Le Tribunal de commerce de Chalon-sur-Saône, par jugement du 16 janvier 2025, statue sur l’avenir d’une société placée en redressement judiciaire depuis juin 2024. Le débiteur et le mandataire judiciaire sont entendus. La société sollicite sa propre liquidation. Le tribunal, constatant l’absence de possibilité de redressement, prononce la liquidation judiciaire.
La décision tranche la question de savoir dans quelles conditions une procédure de redressement judiciaire doit être convertie en liquidation judiciaire. Le tribunal retient que l’insuffisance de trésorerie, le faible niveau d’activité et l’absence de perspective favorable rendent toute poursuite d’activité ou cession impossible. Il en déduit la nécessité de prononcer la liquidation.
**La consécration d’un contrôle substantiel de l’impossibilité de redressement**
Le jugement opère une appréciation concrète des éléments constitutifs de l’impossibilité de redressement. Le tribunal ne se contente pas d’un constat formel. Il procède à une analyse économique substantielle de la situation. Il relève ainsi « le niveau d’activité de l’entreprise, l’insuffisance de trésorerie et l’absence de perspective favorable ». Cette énumération reprend les critères classiques de la cessation des paiements et de la défaillance économique. La décision valide une approche globale. La simple survie artificielle de l’entreprise est écartée.

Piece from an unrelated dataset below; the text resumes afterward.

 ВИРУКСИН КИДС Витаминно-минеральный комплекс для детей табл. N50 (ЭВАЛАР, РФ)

Cette motivation s’inscrit dans la ligne jurisprudentielle exigeant une réelle possibilité de redressement. La Cour de cassation rappelle que le maintien de l’activité nécessite des perspectives sérieuses. Le tribunal de commerce applique strictement ce principe. L’absence de projet crédible conduit inéluctablement à la liquidation. Le juge vérifie ainsi l’effectivité des conditions légales. Sa décision évite une prolongation vaine de la procédure. Elle protège les intérêts des créanciers.

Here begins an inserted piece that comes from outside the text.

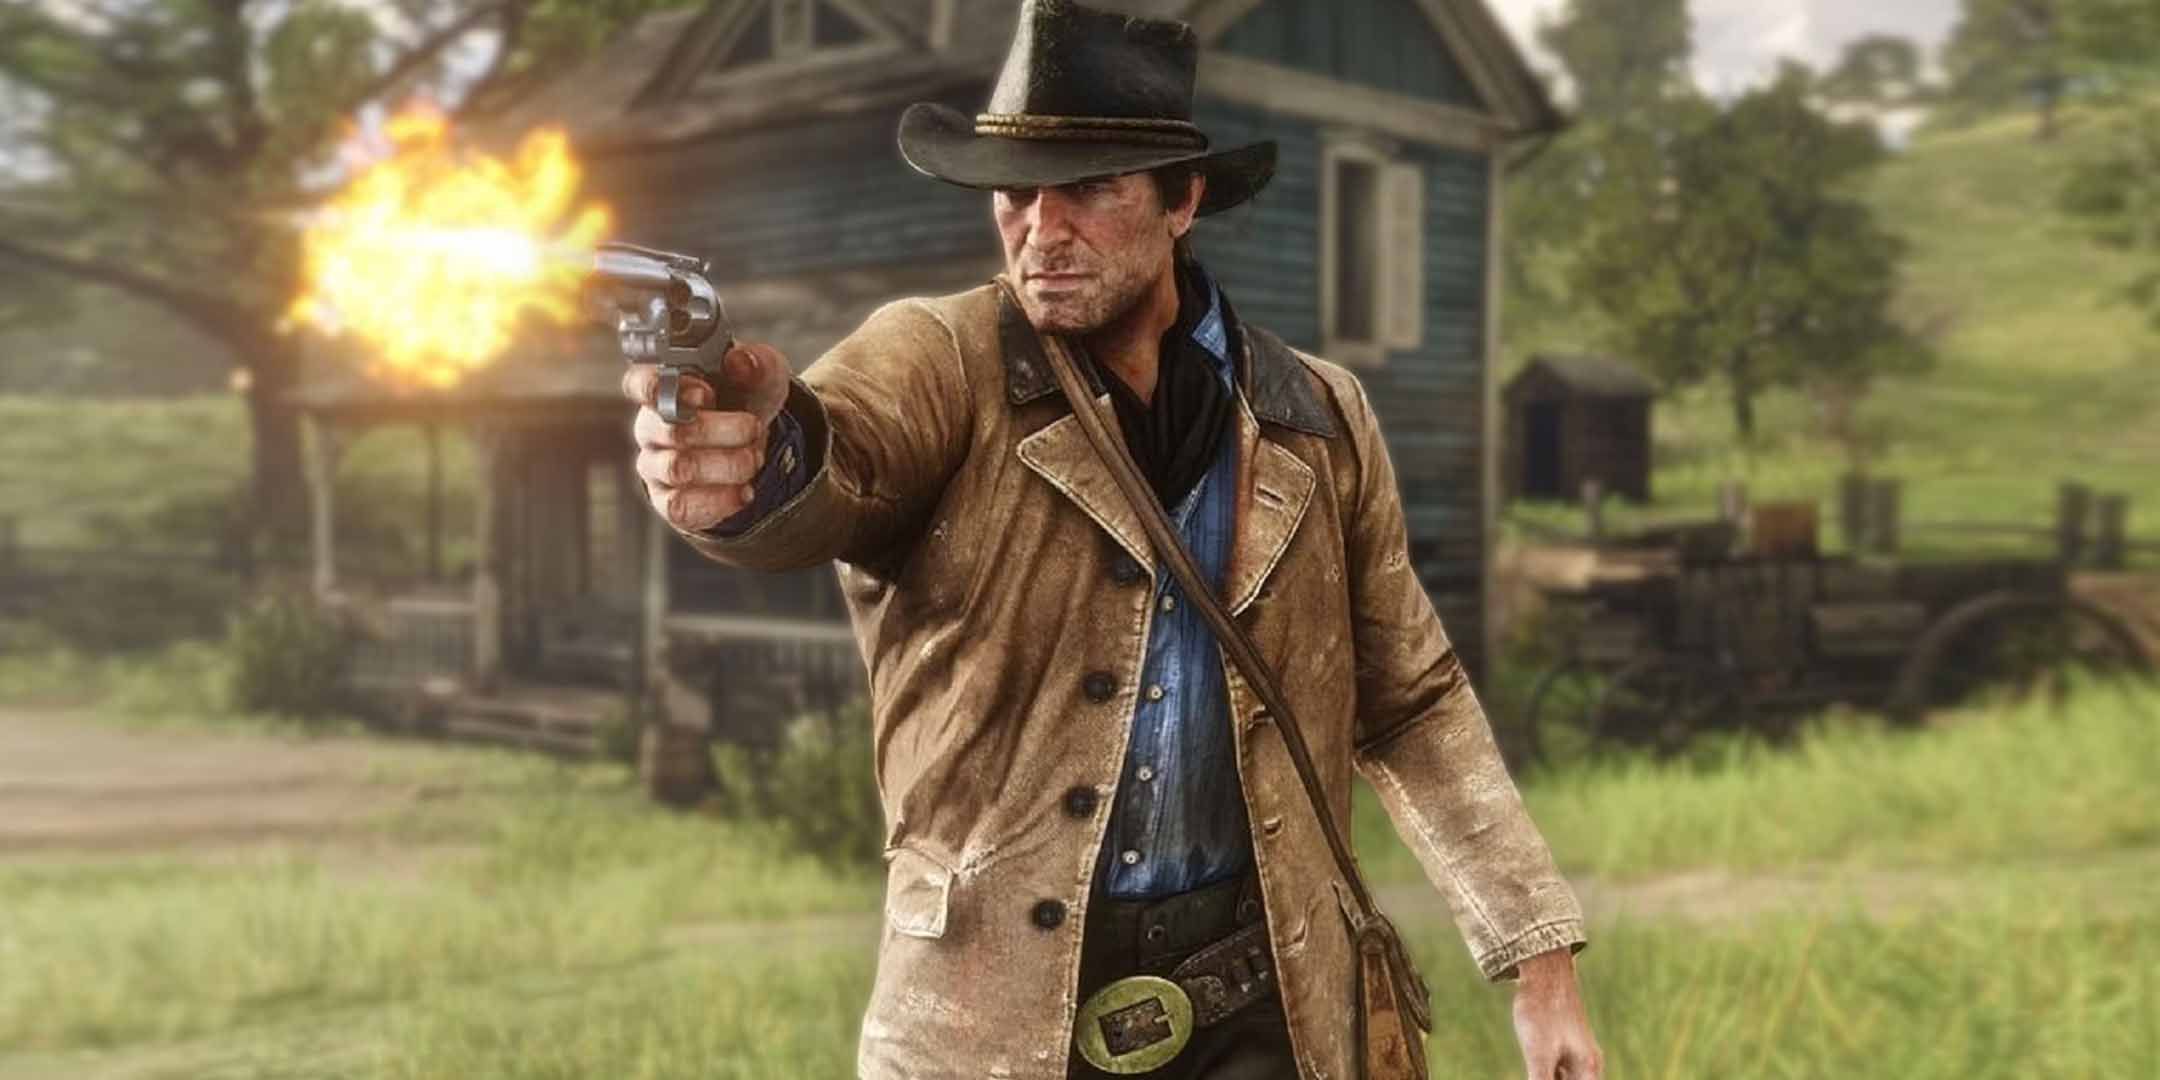 Arthur Morgan from Red Dead Redemption 2 firing a pistol

**La portée limitée d’une décision d’espèce fondée sur l’appréciation souveraine des juges**
La portée de ce jugement semble toutefois circonscrite aux particularités de l’espèce. La décision repose sur l’appréciation souveraine des éléments de fait par les juges du fond. Aucun principe nouveau n’est énoncé. Le tribunal applique le droit existant à une situation économique dégradée. La solution paraît dictée par l’évidence de la faillite. Elle ne modifie pas l’équilibre des textes du code de commerce.
La valeur de l’arrêt réside dans son exemplarité pratique. Il illustre le moment où le redressement cède face à la réalité économique. La demande du débiteur lui-même accrédite le constat d’échec. Le jugement acte la fin d’une procédure de redressement devenue sans objet. Son influence sur l’évolution du droit sera probablement faible. Il confirme une jurisprudence bien établie sur le prononcé de la liquidation. Sa principale vertu est d’offrir une application pédagogique des dispositions légales.